What could it be then? An increase in lifestyle diseases such as obesity? That is certainly possible, although the increase in obesity has flattened in the UK since 2010. That said, five years of lifestyle data is not enough to draw any firm conclusions from.
The single biggest explanatory factor is the increase in the number of deaths from dementia and Alzheimer’s. Between the two, the number of deaths rose from 25,000 in 2010 to 62,000 in 2015; however, it doesn’t explain the entire increase, which has led me to search in a slightly different direction.
Think about the decline in the money spent on social care aimed at the elderly in the UK (Exhibit 5 (Note: Although the chart is only updated through 2014, if anything, I would expect it to look even more grim today.)), and think about how that could affect mortality. Unless quality has miraculously risen (which I very much doubt), it is not entirely impossible that the government is indirectly responsible for the rise in the number of deaths in the UK. As we all know, the elderly don’t get the same level of care anymore. Having said that, as I don’t intend to accuse anybody of manslaughter, let’s drop the ball right there.

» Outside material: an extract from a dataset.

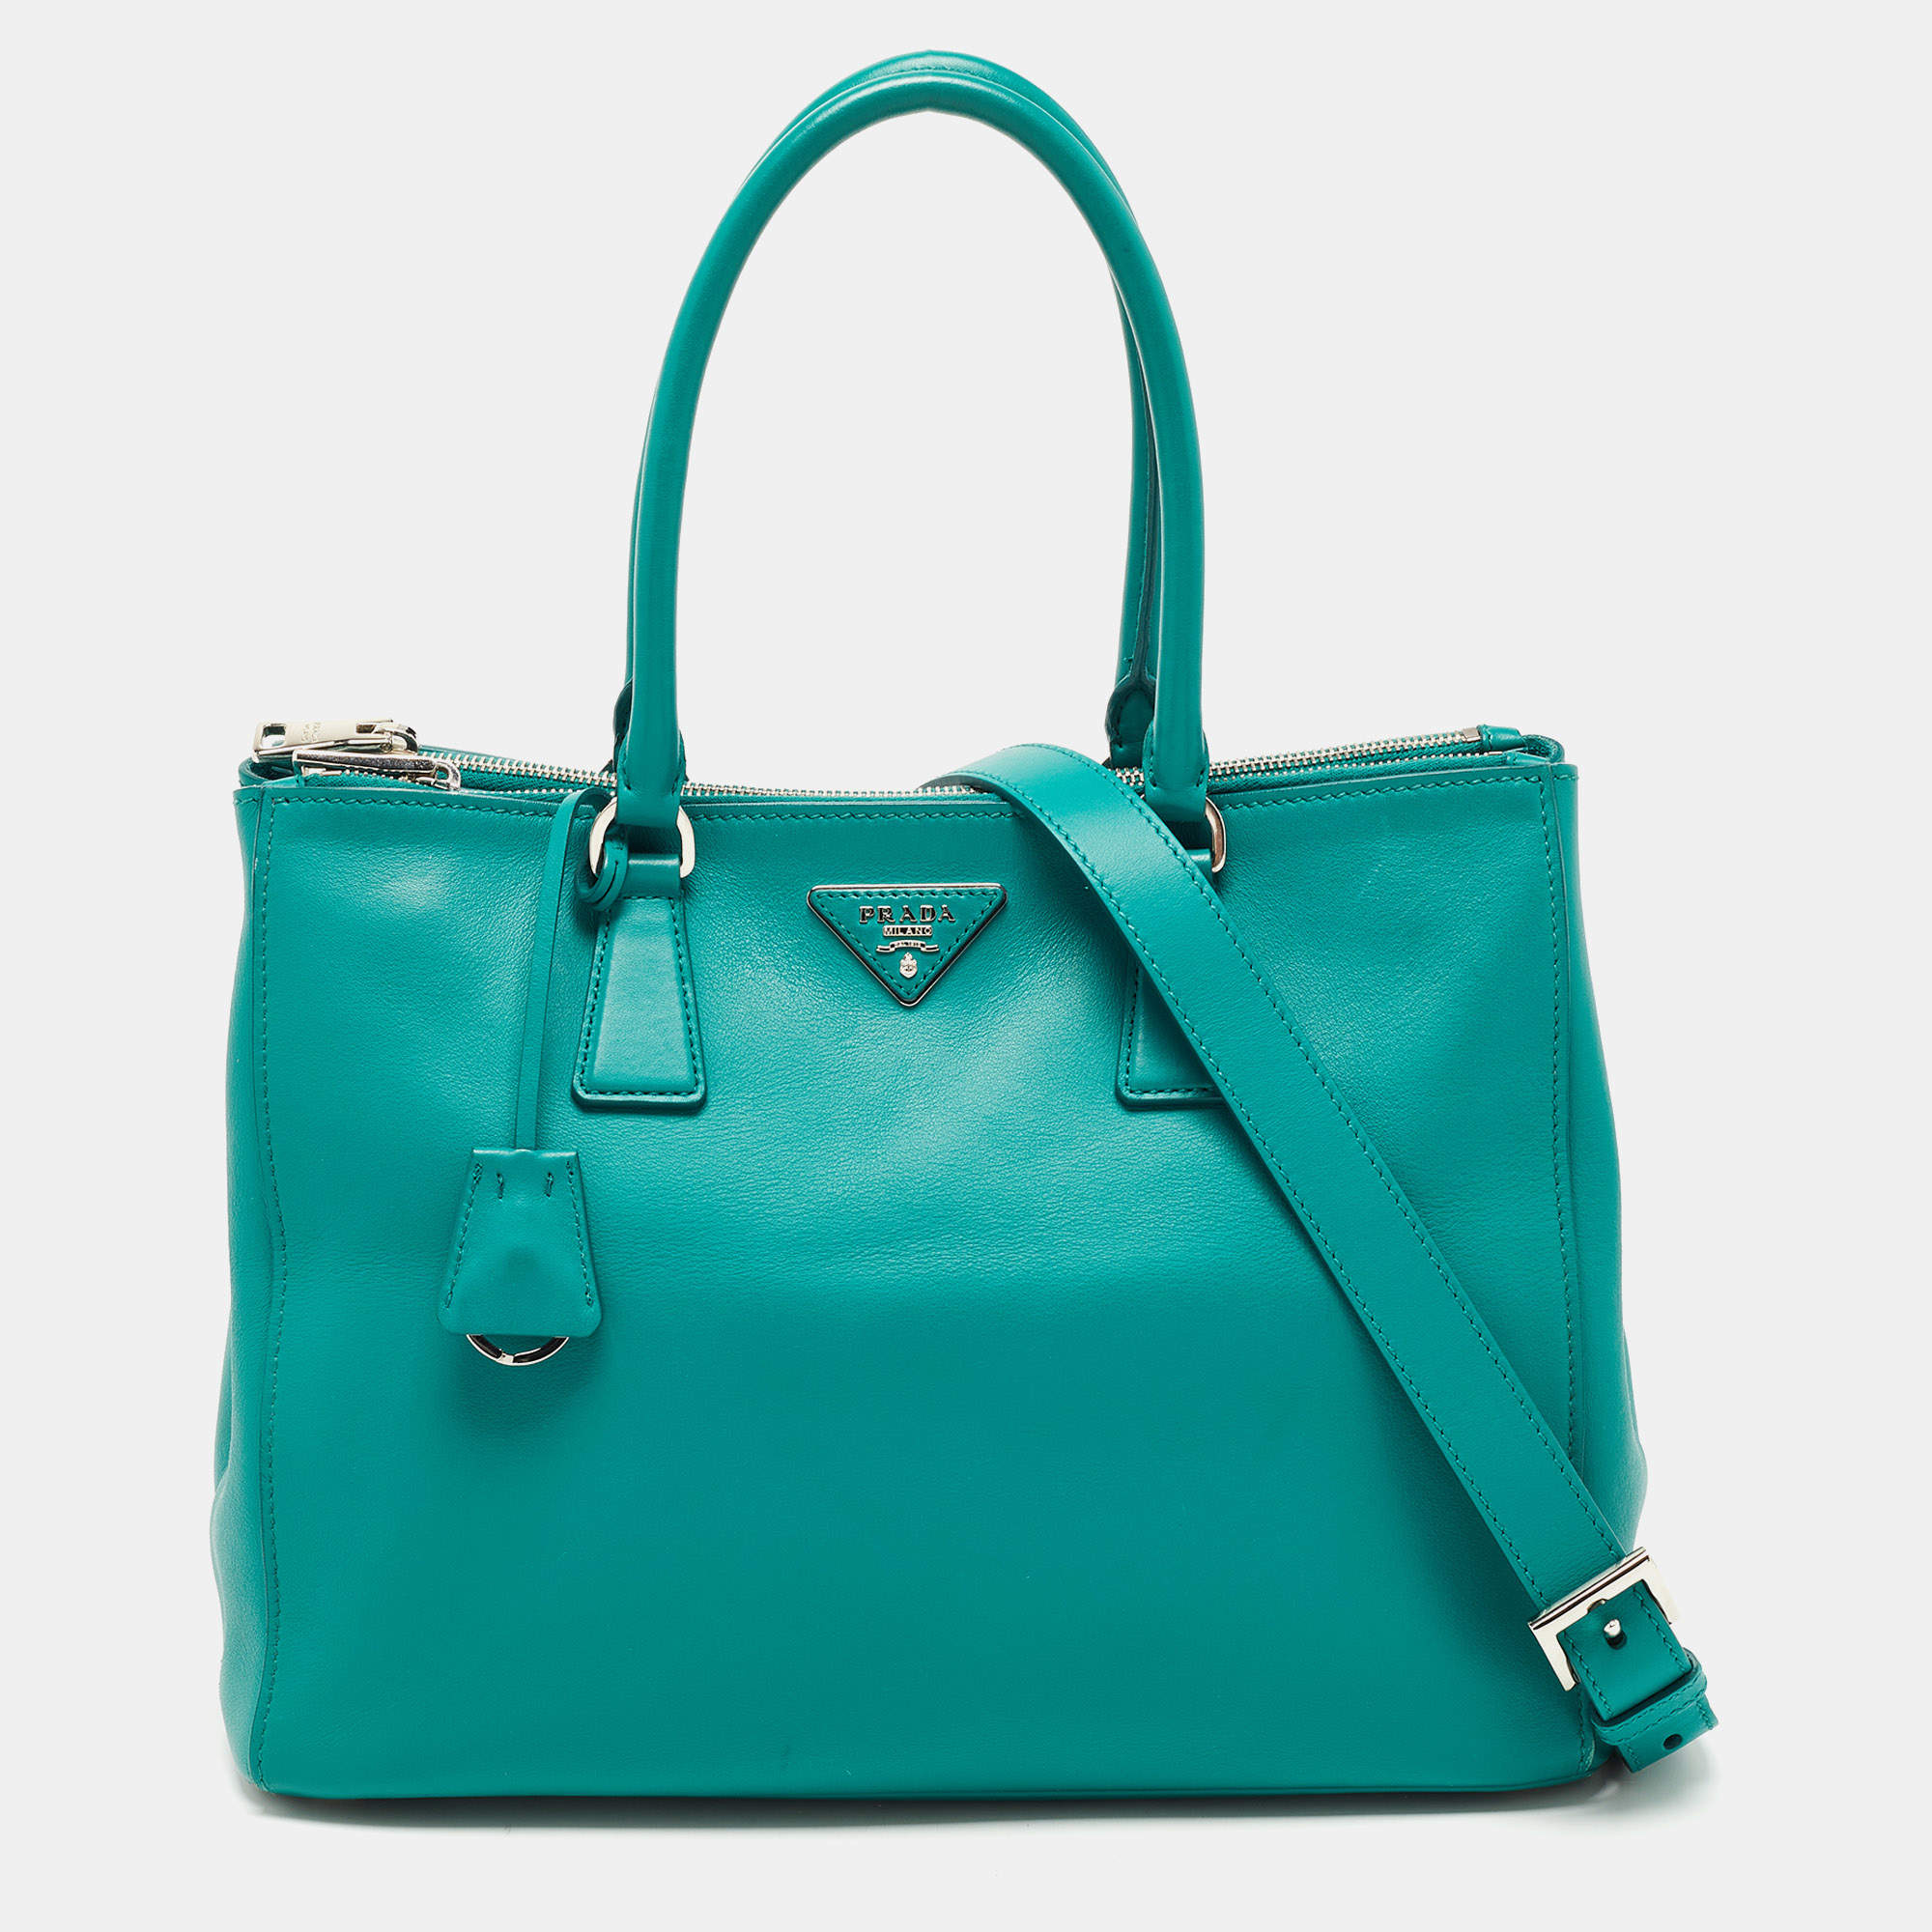 Prada Galleria small leather bag for Women - Green in KSA

Researchers have found a statistically significant link between mortality and austerity. Greece is the perfect example. As the crisis unfolded in Greece in 2008 and the years thereafter, more Greeks died than suggested by the mortality tables (Exhibit 6).
In 2012 alone, more people died in Greece than in any other single year since 1949 and, just like in the UK now, first and foremost, it was the elderly who paid the price. In other words, it is not entirely impossible that the fallout from the financial crisis and the decline in real wages in recent years is at least partly responsible for the rise in mortality rates, and that the longevity curve will return to pre-crisis levels as things return to normal (if that ever happens).
The impact on UK life expectancy
The unprecedented number of deaths amongst the British elderly in recent years has started to affect UK life expectancy which, as far as the middle-aged and the elderly are concerned, started to decline in 2014 (Exhibit 7).
New data from the Office for National Statistics (ONS) suggests that projected life expectancy at birth has also started to decline. A drop of 0.9 years for both men and women is in the cards when using 2016 data, according to the ONS (see here).
What does it all mean?
As I have stated umpteen times before, GDP growth is the sum of productivity growth and workforce growth, and workforce growth is again a function of mortality and fertility rates (but also of other things). Now, if life expectancy is falling (as it is in the UK, the US and at least in some other countries), fertility rates are low (as they are everywhere outside Africa), and productivity growth is modest at best (which it is almost everywhere), the only feasible outcome is very pedestrian GDP growth. (Note: I note that life expectancy has also started to decline in France, and so has female life expectancy in the Netherlands.)
Let’s take that line of thought one step further. As I just pointed out, productivity growth leads to GDP growth. Now, think of human capital and how it forms part of the total capital stock at our disposal. If fertility grows faster than productivity, other parts of the capital stock must be depleted – simple as that.
As life expectancy ultimately depends on the capital stock at our disposal, an eroding capital stock will inevitably lead to declining life expectancy. On the other hand, if productivity were to grow faster than fertility, the capital stock would rise, leading to accelerating GDP growth, improving health and rising life expectancy.
In the past, when fertility grew faster than productivity for any length of time, something always happened which cleared the system. (Note: The thinking here is similar to the principles laid out by Robert Malthus in his 1798 book, An Essay on the Principle of Population.). Today, as the worldwide population continues to grow with no or little productivity growth to support it, resources are depleted ever more rapidly, and that will eventually cause the system to clear. In the past, famine was often the outcome. In the future, (longer term that is), one possible outcome is that millions of people are going to die from ailments that you can treat with antibiotics today.
If you think that is a step too far and that I am about to lose the plot, I suggest you do a bit of research on antibiotics. If you aren’t already aware, the efficacy of antibiotics is not what it used to be. More and more ailments cannot be treated with antibiotics any longer, and there is no alternative.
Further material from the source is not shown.